The Plaza de la Independencia (also known as Plaza Grande) is Quito’s main square, containing the cathedral, archbishop’s palace and presidential palace. With a view of the Panecillo, it’s a lovely place to sit in a café and watch the Quiteños (locals) go about their day.

A short walk from here, the San Francisco Monastery contains beautiful paintings and statues, and is one of South America’s largest religious buildings.

Nearby, La Ronda is a famous pedestrianised street lined with artisan galleries, workshops, bars and shops. In the 19th century bohemian artists and poets settled together, rebelling against the bourgeois class.

The Jesuit church of La Compañia de Jesús was the first and best example of Latin American baroque architecture. Behind the elaborate facade, masterly carved out of volcanic rock, there is an ornate and completely gold-leafed interior.

The 3,061m-high Panecillo is a hill on the southern edge of Quito, with a 30-metre-high statue of the Virgin Mary, constructed using 7,000 pieces of aluminium. There is a small museum in the base of the statue, with stairs leading up to several viewpoints boasting panoramic views of Quito.

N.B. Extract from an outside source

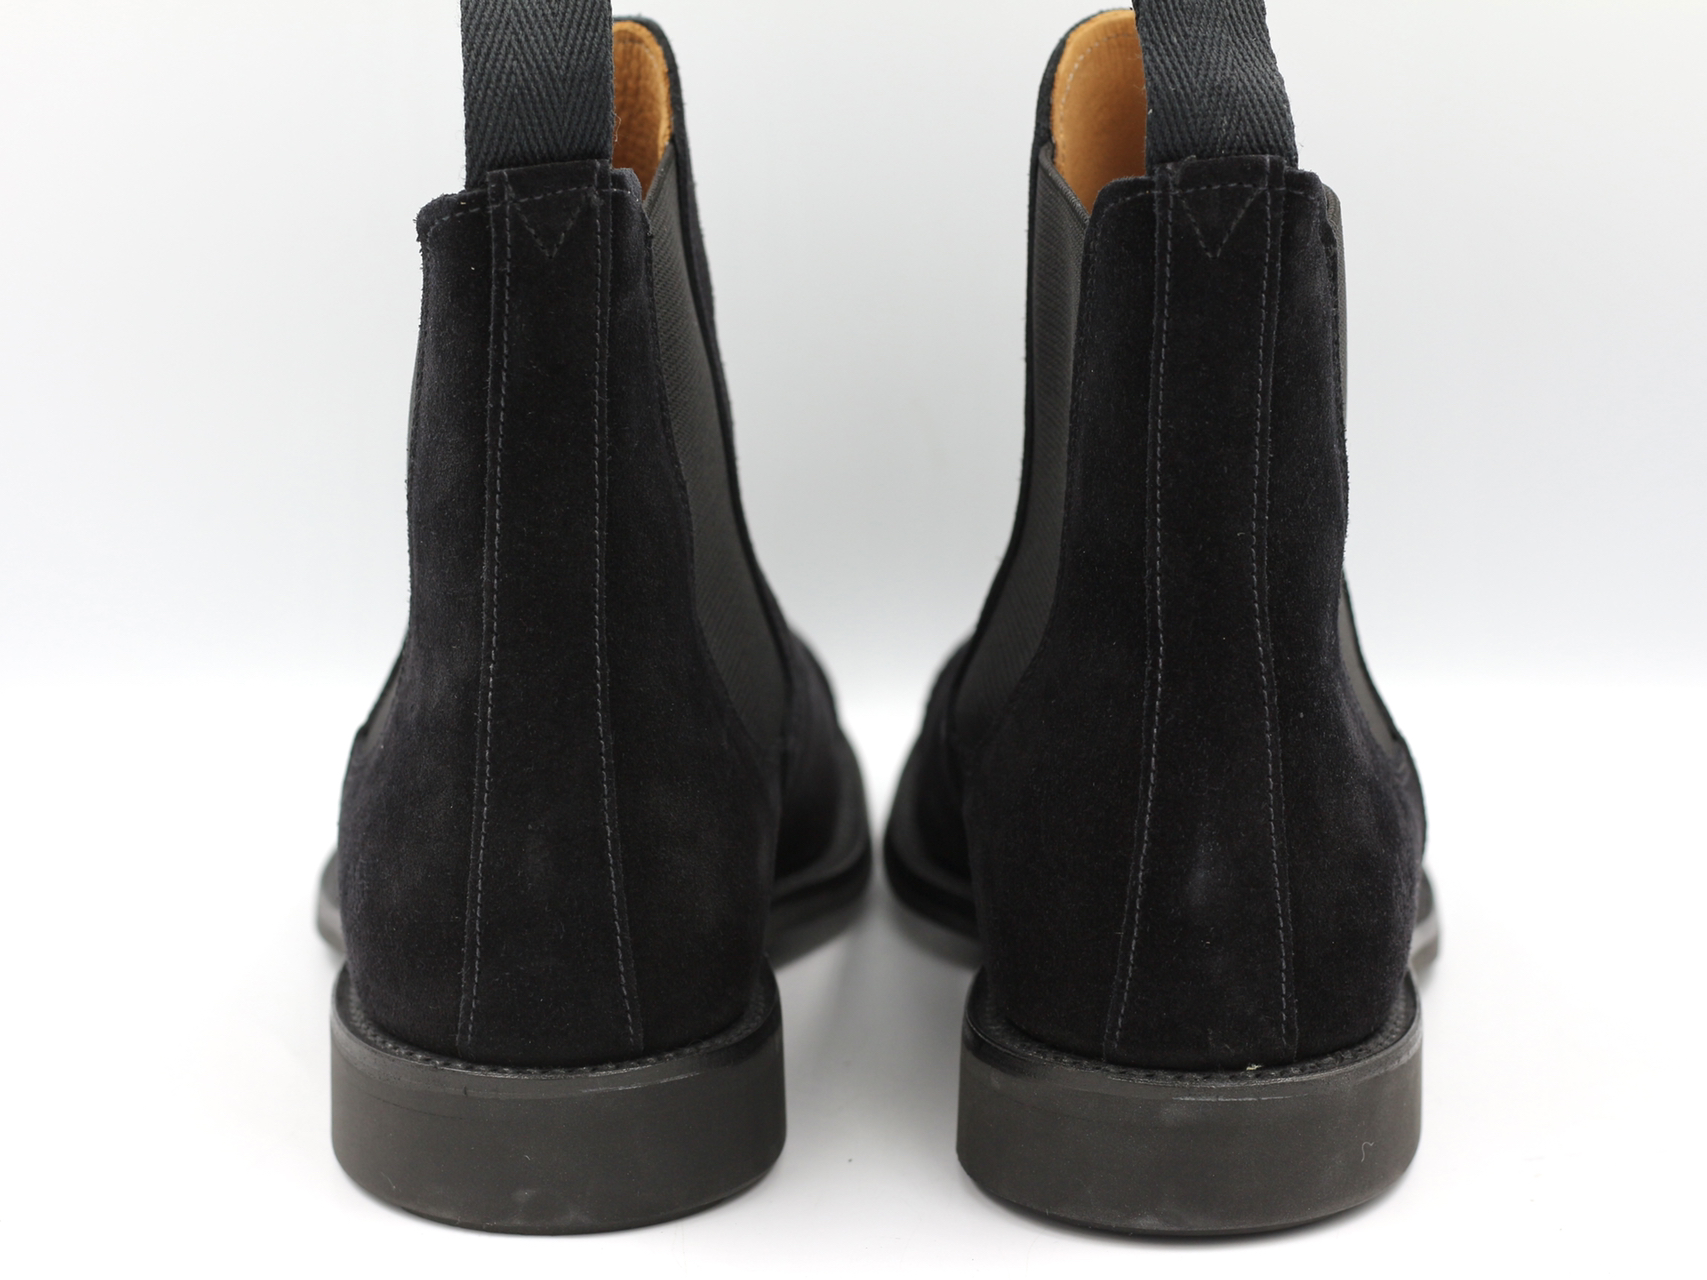 超人気高品質 サンダース SANDERS 26cm 新品未使用品 黒 サイドゴア ブーツ

You can take a guided tour of the historic centre on your first day in Quito. Read our blog for a personal insight.

Museums in Quito

Quito’s rich history means it has a variety of different museums. Probably the most comprehensive one is the Museo Nacional del Banco Central del Ecuador, where you can learn about pre-Hispanic culture through colonial paintings and sculptures. Another place to see colonial art is The Museum of Colonial Art, which houses an excellent collection. The Alberto Mena Museum is more unique, with a waxwork piece representing the battle of independence. Another interesting museum in Quito is La Capilla del Hombre, which exhibits sculptures and paintings depicting Latin America’s brutal history. Next-door, the artist Oswaldo Guayasamín’s former home has been transformed into a museum showcasing his artwork.  

Pichincha Cable Car

In 2005, a new cable car was built up the Pichincha Volcano which overlooks the city of Quito. The view from the top, at 2,050 metres, is spectacular.

Mitad del Mundo

The Mitad del Mundo, which translates as the centre of the world, is where a French expedition in 1736 established the location of the equatorial line from which the country is named. You can take part in various experiments relating to the equator, and learn about the equator in the Inti Ñan museum.

Restaurants in Quito

Like many capital cities, Quito showcases some of the best cuisine in Ecuador. For three of our favourite restaurants in Quito, read this blog.

Daytrips from Quito

Ecuador is small so day trips from Quito are a great option, whether it’s perusing colourful textiles and jewellery in Otavalo’s world-famous market or spotting rare bird species in the cloud forest. 

You can take a one- or two-day excursion to the Bellavista Cloud Forest, where you can spot hummingbirds and follow the nature trails. There is also the option to stay at the luxury Mashpi Lodge in the cloud forest, where activities include bird watching, hiking, swimming in waterfalls a sky bike and a cable car across the treetops.

A trip to Otavalo includes a drive through beautiful Ecuadorian countryside, a trip to the market town where you can haggle for souvenirs at South America’s largest indigenous market, and a visit to nearby attractions including Cuicocha Lake and a condor sanctuary.